# Pres. debate



## emc7 (Jul 23, 2005)

Its on now, I'm kind of half paying attention. Both of them are spouting prepared attacks on each other while the other tries to interrupt and argue. I guess I give one point to McCain for calling his opponent, "senator obama" while obama calls him "john". It reads as condescending and disrespectful and i bet he loses some of the oldest voters. My grandmother still uses "Mrs. James" even though my grandfather has been dead for years. She hates when strangers call her "Mary".


----------



## crazyfishlady (Nov 4, 2007)

Well, I suppose that's why Obama is all about "change". My ex's mom HATED the fact that I called her by her last name...and a lot of the younger generations actually prefer their first name vs. their last. I I guess times are changing...


----------



## emc7 (Jul 23, 2005)

Only here. In Japan, young people go by their surname. Americans are setting a new standard for rudeness. And whats with the choice of Mrs. or Ms., what happened to miss? Its not fair to make women check Mrs. or Miss while all men are Mr. But why have a Mrs. box without a Miss? Why not just all go to Ms.? <end of tangent>

I just have visions of Pres. Obama going to Russia and saying "Hi, Vladimir" and getting us in a war. If the President of the United States isn't formal, who is? If you elect a drinking buddy, you get "dubya". Obama stopped going by "Barry" to be taken more seriously and its worked. I bet it (calling him John) was a strategy. I saw too much strategy and not enough real candidates.

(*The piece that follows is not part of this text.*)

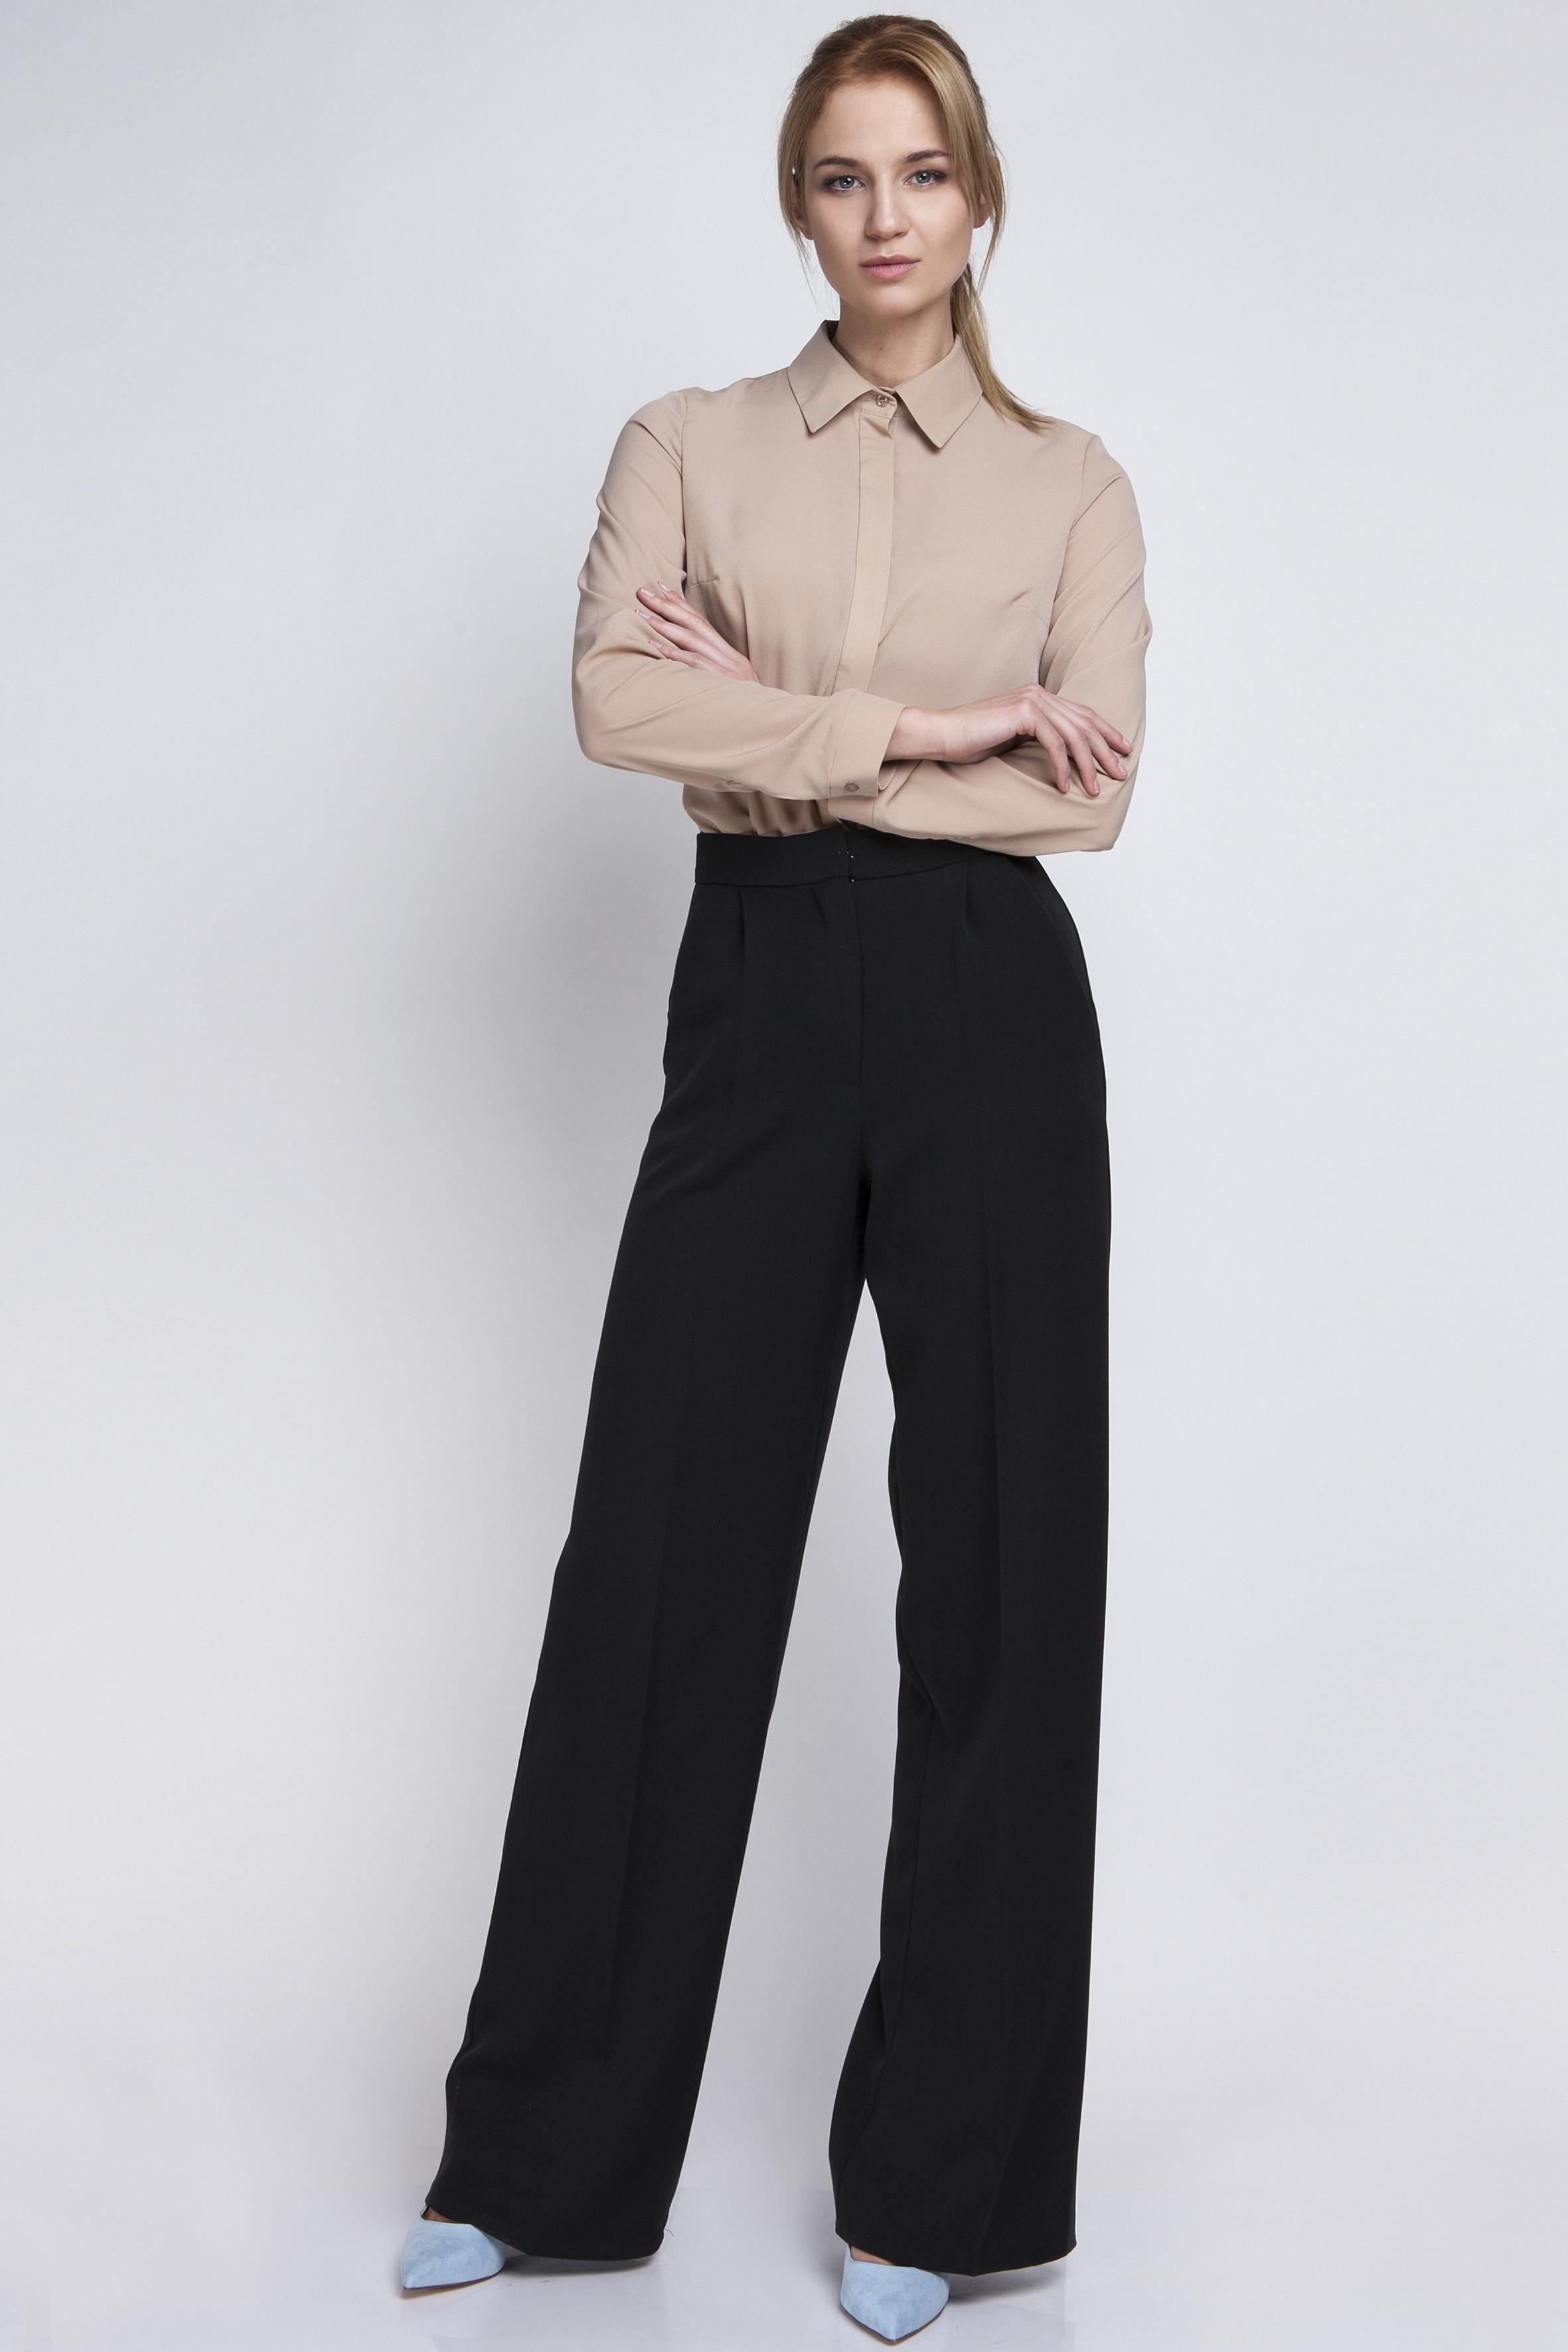 281538c2f0f18f Klasyczne spodnie z wysokim stanem, SD111 czarny. Spodnie, SD111 czarny.  Loading zoom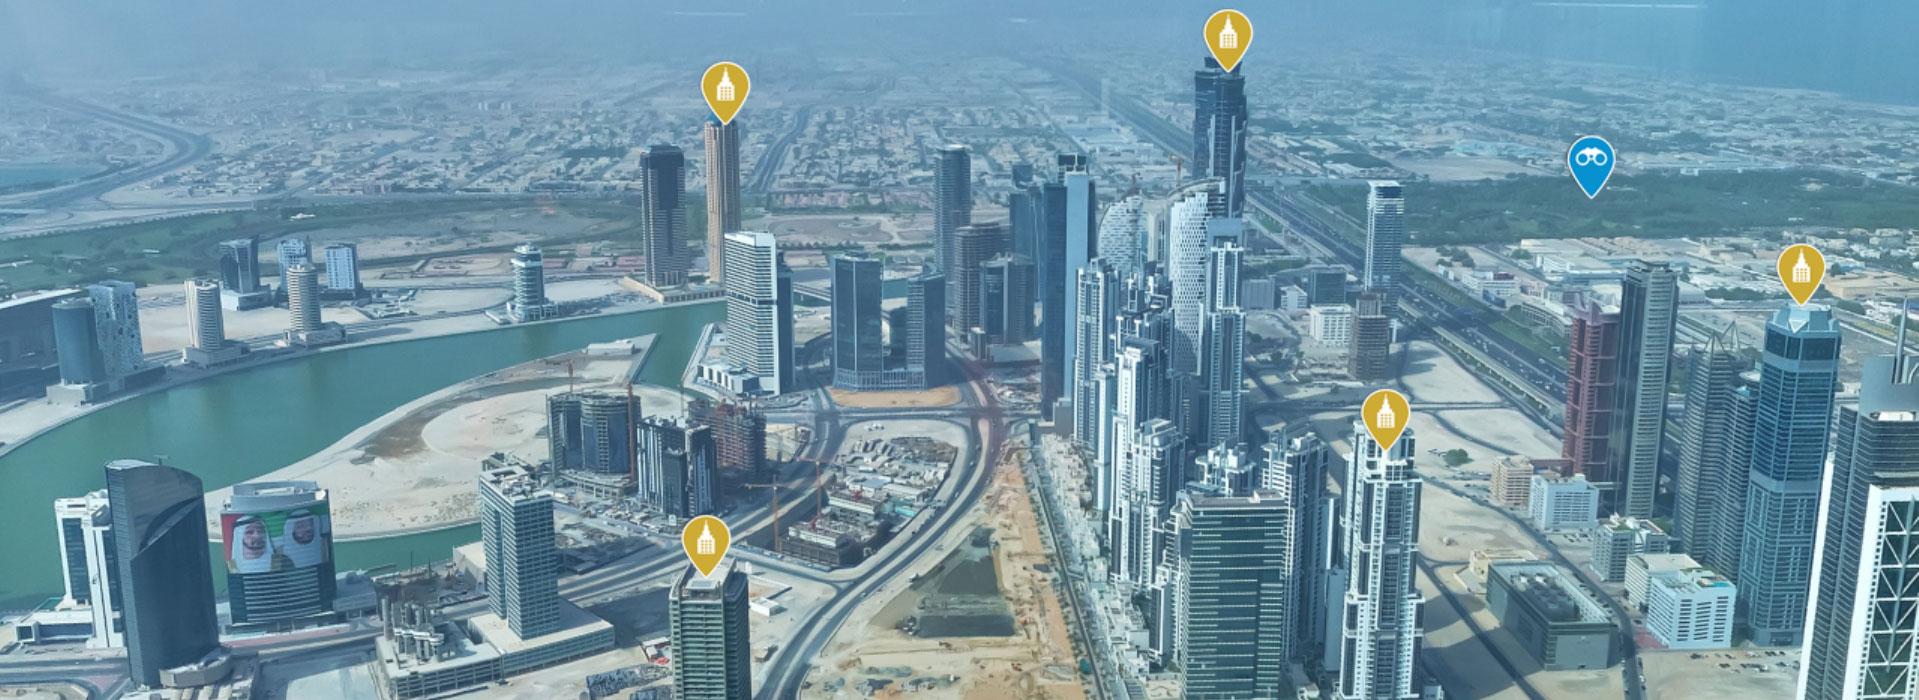 Привлечение туристов при помощи сферических 3д-панорам

The debate is over, I think they both did fine. But it wasn't much of a "debate" they were mostly spouting prepared statements. I would have liked to see some more actual back and forth.


----------



## crazyfishlady (Nov 4, 2007)

I totally agree. Everything should be gender neutral. Like chosen colors...pink for girls and blue for boys? What's up with that?! I went to the toy store the other day and they have all the cool bada** toys for little boys and on the other hand they have fake cooking, cleaning, and baby dolls for the little girls. That's such bull. Women aren't brought up to be stay at home moms anymore people. It takes both to bring in incomes nowadays. We should also use gender neutral names when bringing up kids, ex: Instead of; policeman, fireman, mailman, garbageman. Use: police officer, firefighter, mail carrier, and so on... That way it's easier for them to picture themselves in that profession.


----------



## emc7 (Jul 23, 2005)

My sister was complaining about the Walmart commercials that showed Moms shopping for lots of food to prepare for the "the big game." The men just spend car-sized chunks of money on big screens and sit back and watch. You can't keep little girls from liking pink and purple, but we can do more to encourage boys to expect do a little housework. I thought the monster barbecue trend was a good one, just because it got men cooking.


----------



## emc7 (Jul 23, 2005)

This thread is now totally off track. 

There was a study a few years back of high school students. Most girls expected to work outside the home and have "an equal partner" for a husband. Most boys wanted a "stay at home" wife and didn't expect to contribute anything but a paycheck. The truth is most women work and most households need two incomes. Women do the lion's share of cooking, cleaning, and childcare without working any fewer hours than their husbands. Is it any wonder the divorce rate is so high?


----------